● Directions: The answer must be an exact copy of the lines from the one with "Jeans uomo grigio" through the final line below, with no pictures and nothing else.

● Dataset content:

━━━━━━━━━━━━━━━━

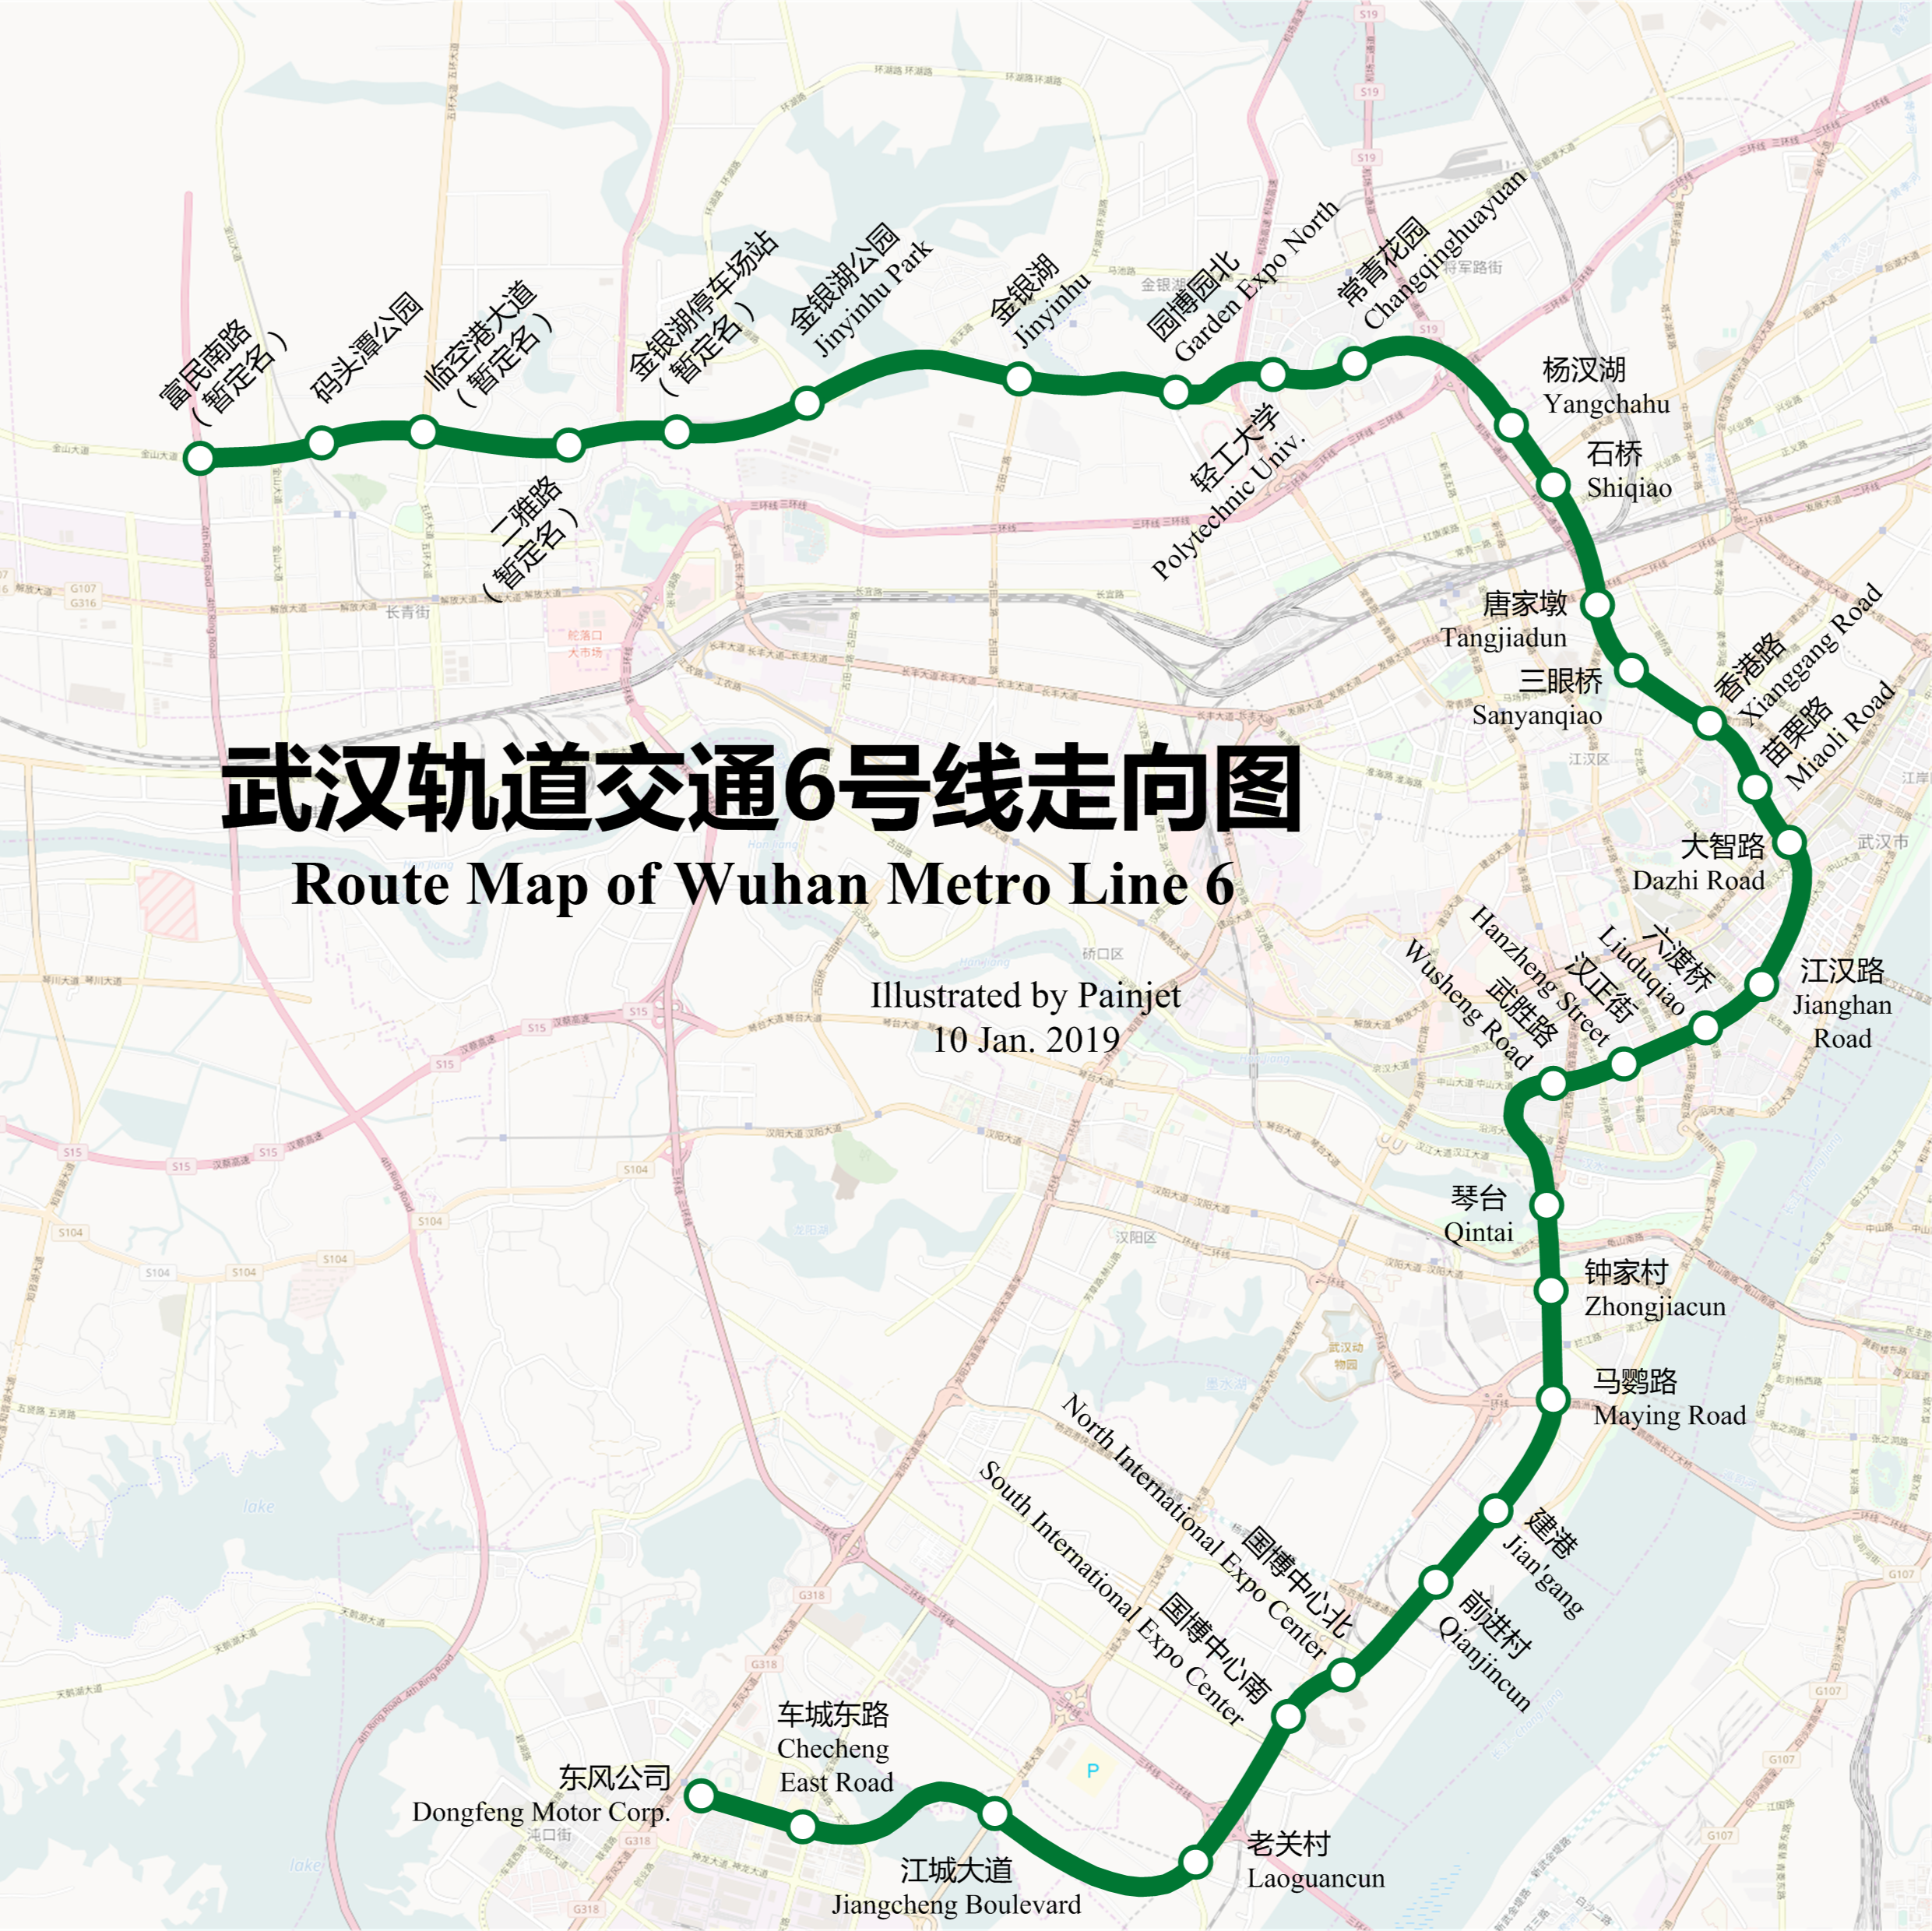 武汉轨道交通6号线经过6个行政区,成为最弯曲的一条轨道交通线路
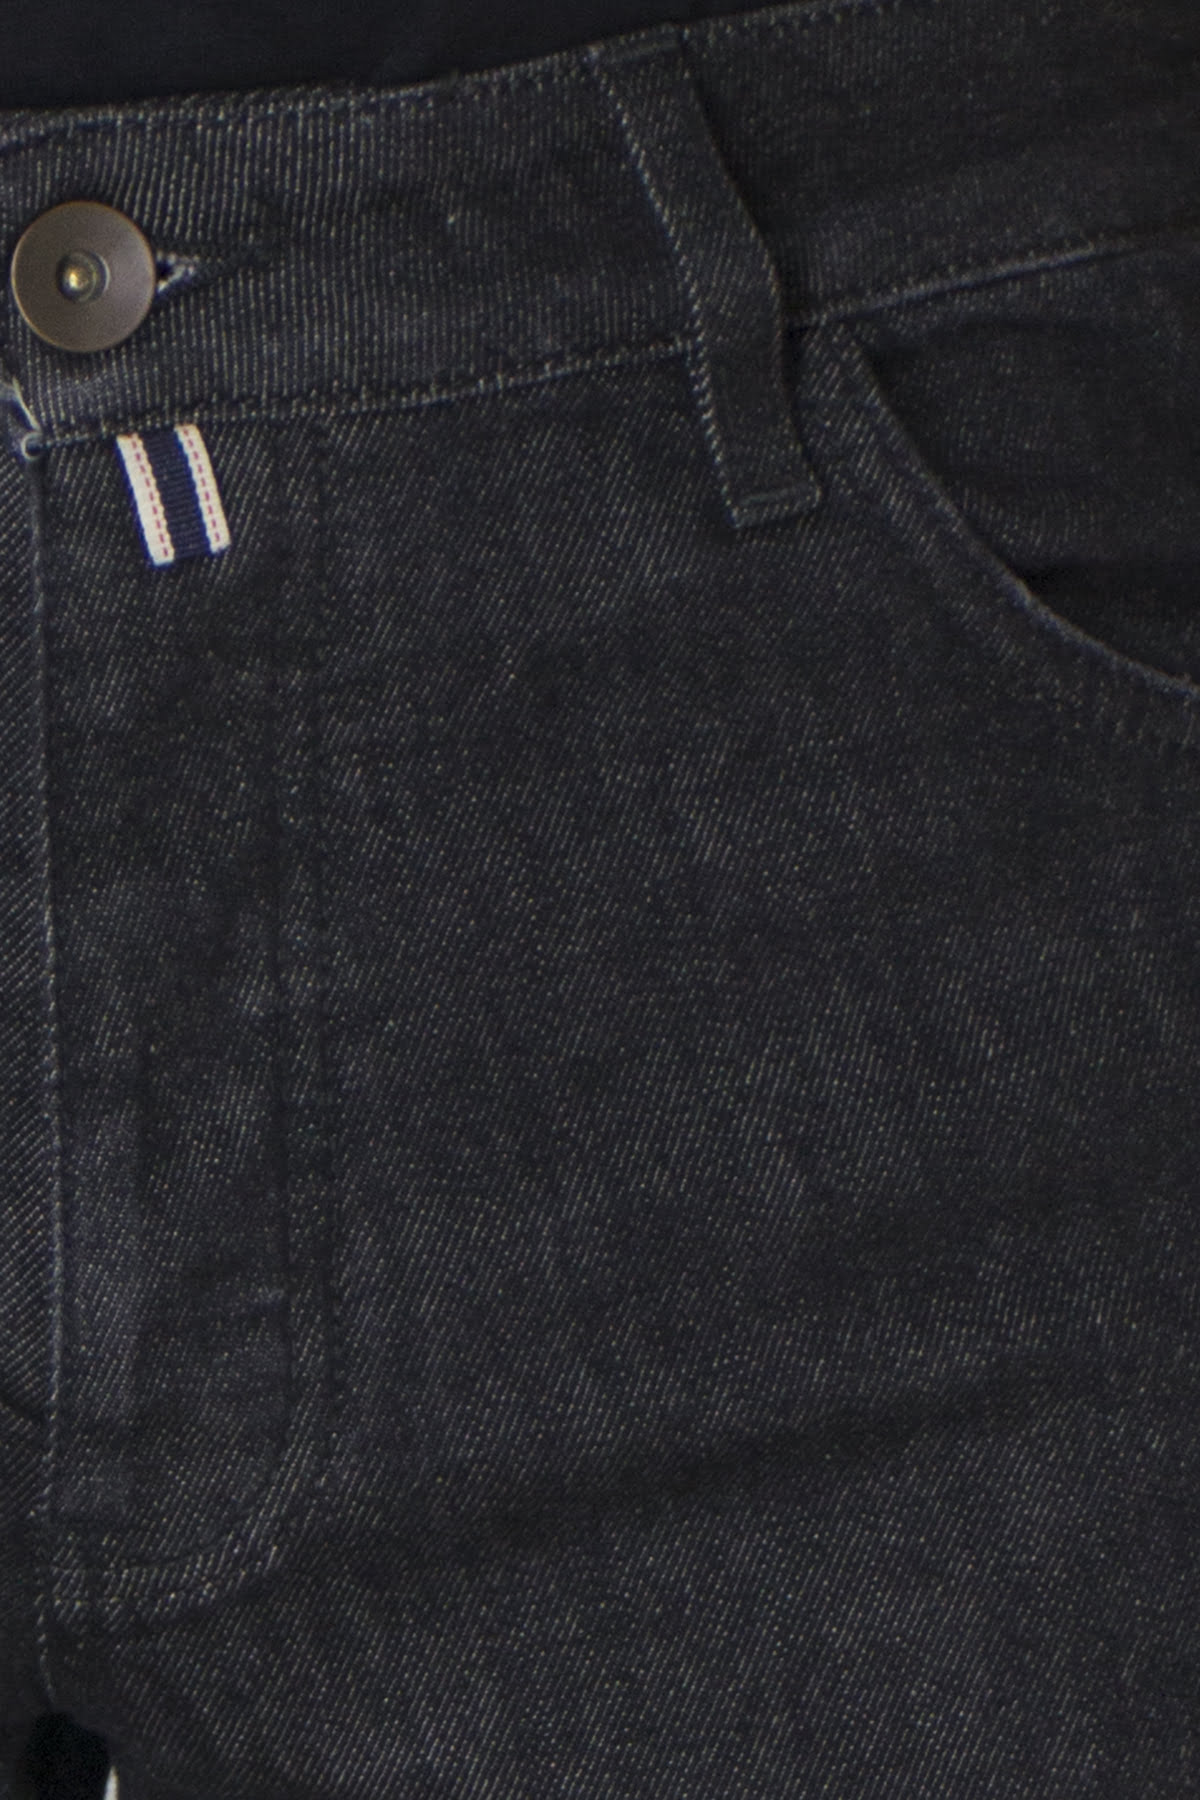 Jeans uomo grigio scuro lavaggio zero tinta unita modello 5 tasche slim fit made in italy
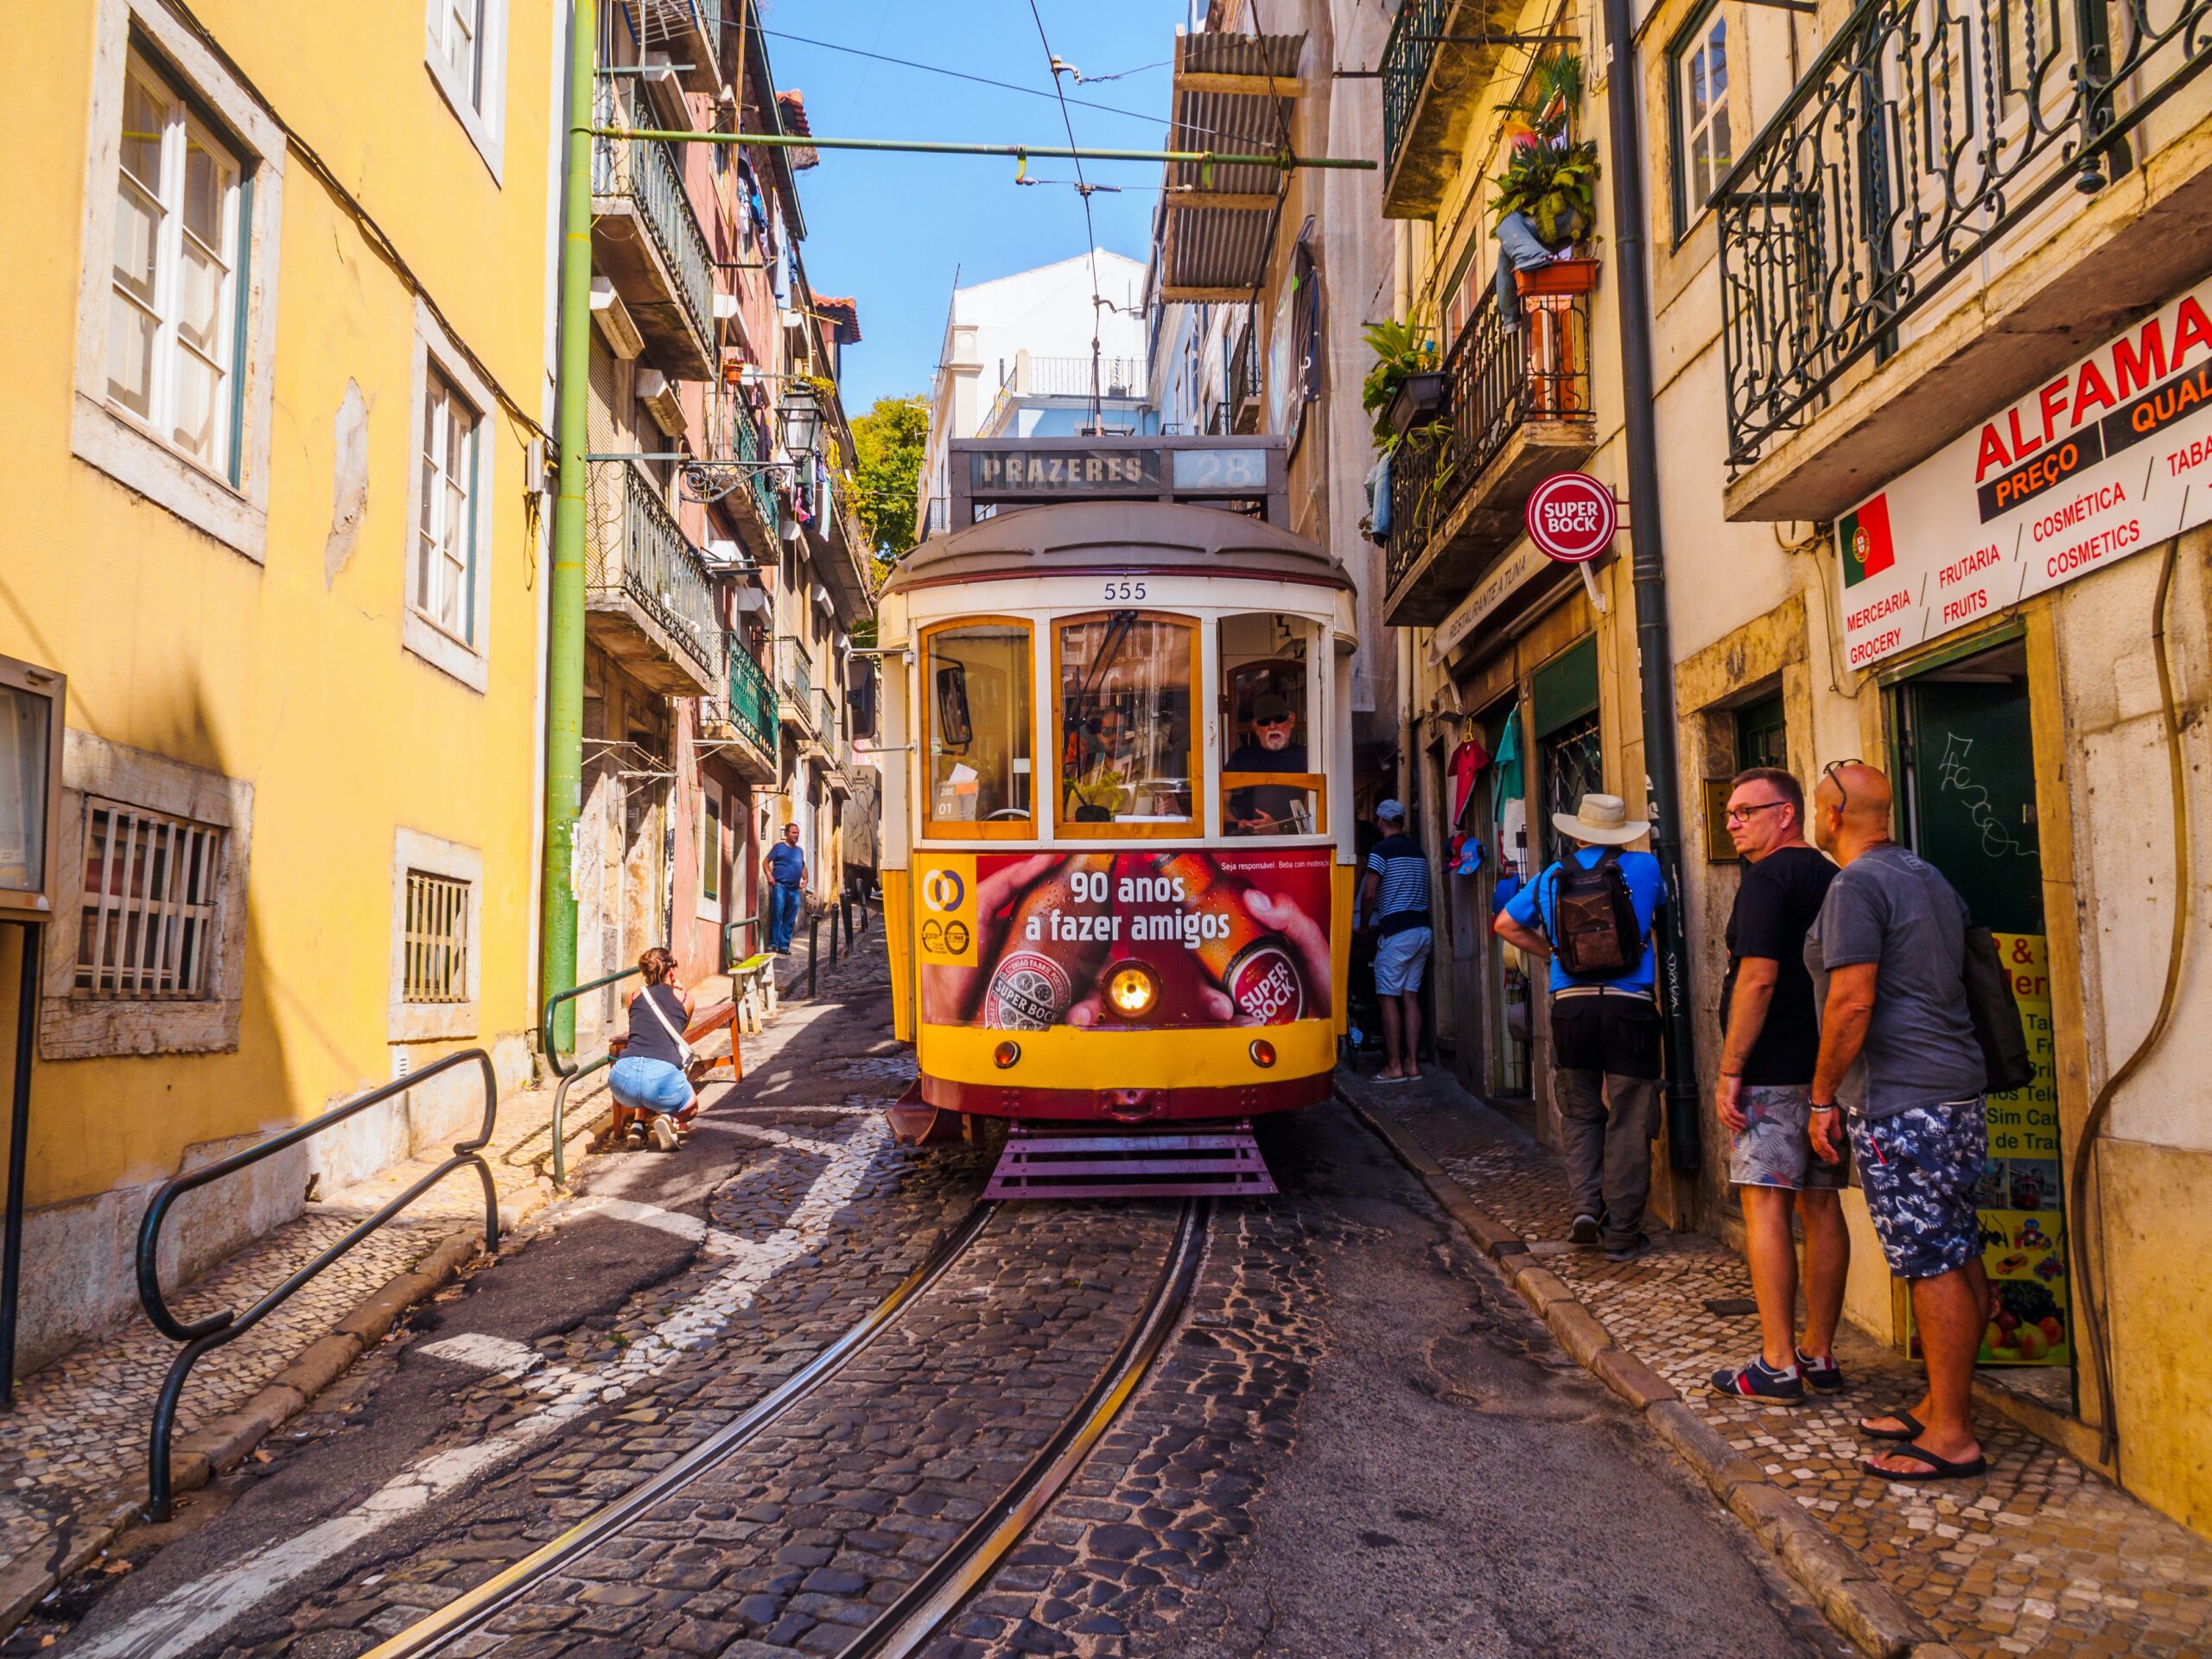 5 nopti in Lisabona, Portugalia – 291 euro (include zbor + cazare)

━━━━━━━━━━━━━━━━

● Task answer:
 Jeans uomo grigio scuro lavaggio zero tinta unita modello 5 tasche slim fit made in italy
 5 nopti in Lisabona, Portugalia – 291 euro (include zbor + cazare)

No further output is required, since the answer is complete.